Membrane separation technology has been widely applied in desalination and CO2 capture. Polyamide composite membranes fabricated via interfacial polymerization process have attracted attention owing to its facile scale-up and cost-efficiency.
Control of surface morphology and structure of polyamide membranes is important in dictating the separation performance.
A research team led by Prof. JIANG Heqing from the Qingdao Institute of Bioenergy and Bioprocess Technology (QIBEBT) of the Chinese Academy of Sciences (CAS) constructed an ultrathin graphene oxide (GO) interlayer on polyethersulfone macroporous substrate to tailor the structure of polyamide composite membrane, and thus improve the desalination performance.
The related findings were published in ACS Applied Materials & Interface on April 12.
Interfacial polymerization is a reaction-diffusion process, which in critically influenced by the diffusion of activator and inhibitor. It is challenging to regulate the selective layer thickness and structure of polyamide membranes due to the difficulty in tailoring the diffusion of monomers.
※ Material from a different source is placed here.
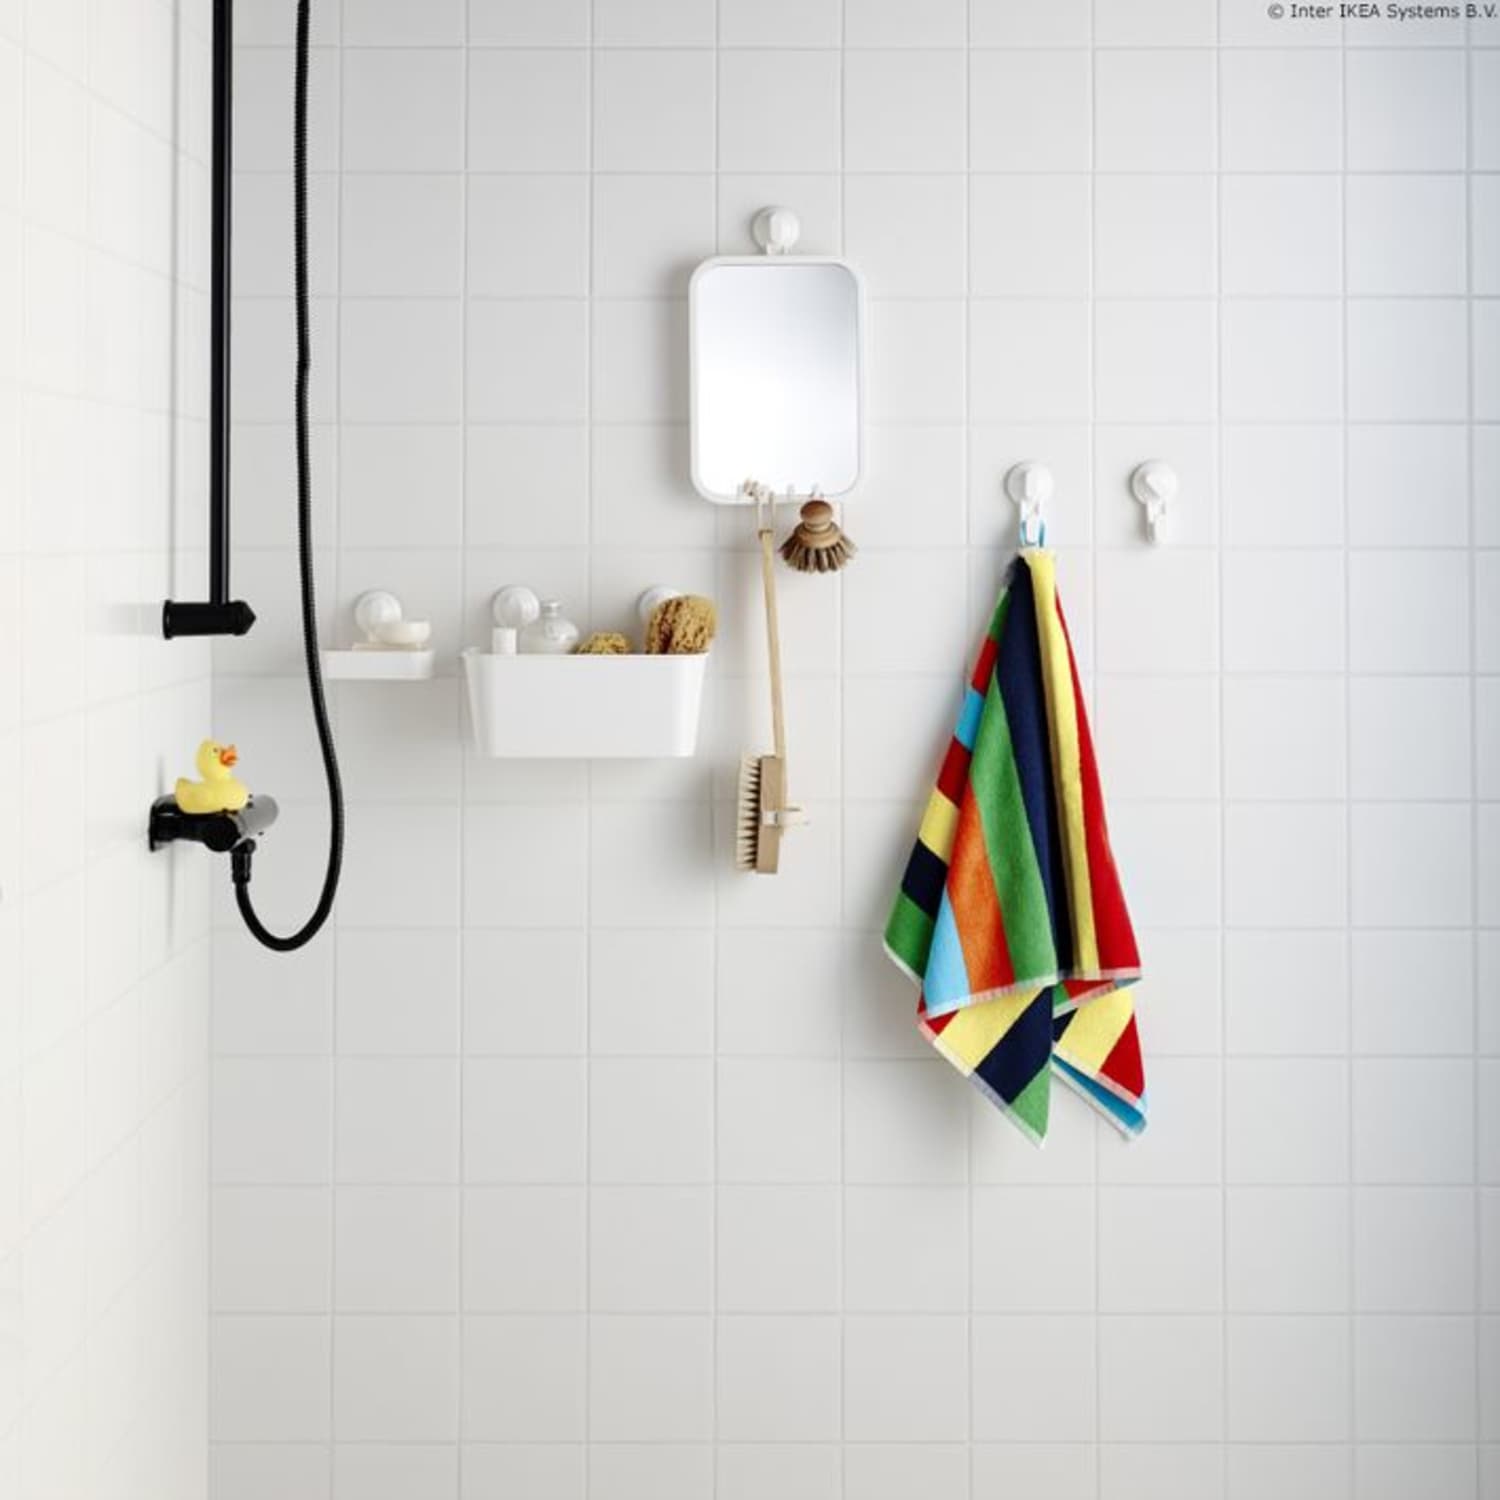 Bathroom Accessories & Organizers - IKEA

In this study, the researchers directly introduced Zr-based metal organic framework into aqueous amine phase, taking advantage of the strong interaction between Zr metal centre and amine monomer to lower amine diffusion, thus generating polyamide membranes with a specific nanoscale striped Turing structure and a selective layer thickness of 145 nm.
The resulting membrane exhibited a higher CO2/CH4 selectivity of 58 and a CO2 permeance of 27 GPU, showing a promising application in CO2 capture and biogas upgrading.
This work was supported by the National Natural Science Foundation of China and the QIBEBT and Dalian National Laboratory for Clean Energy (DNL), CAS.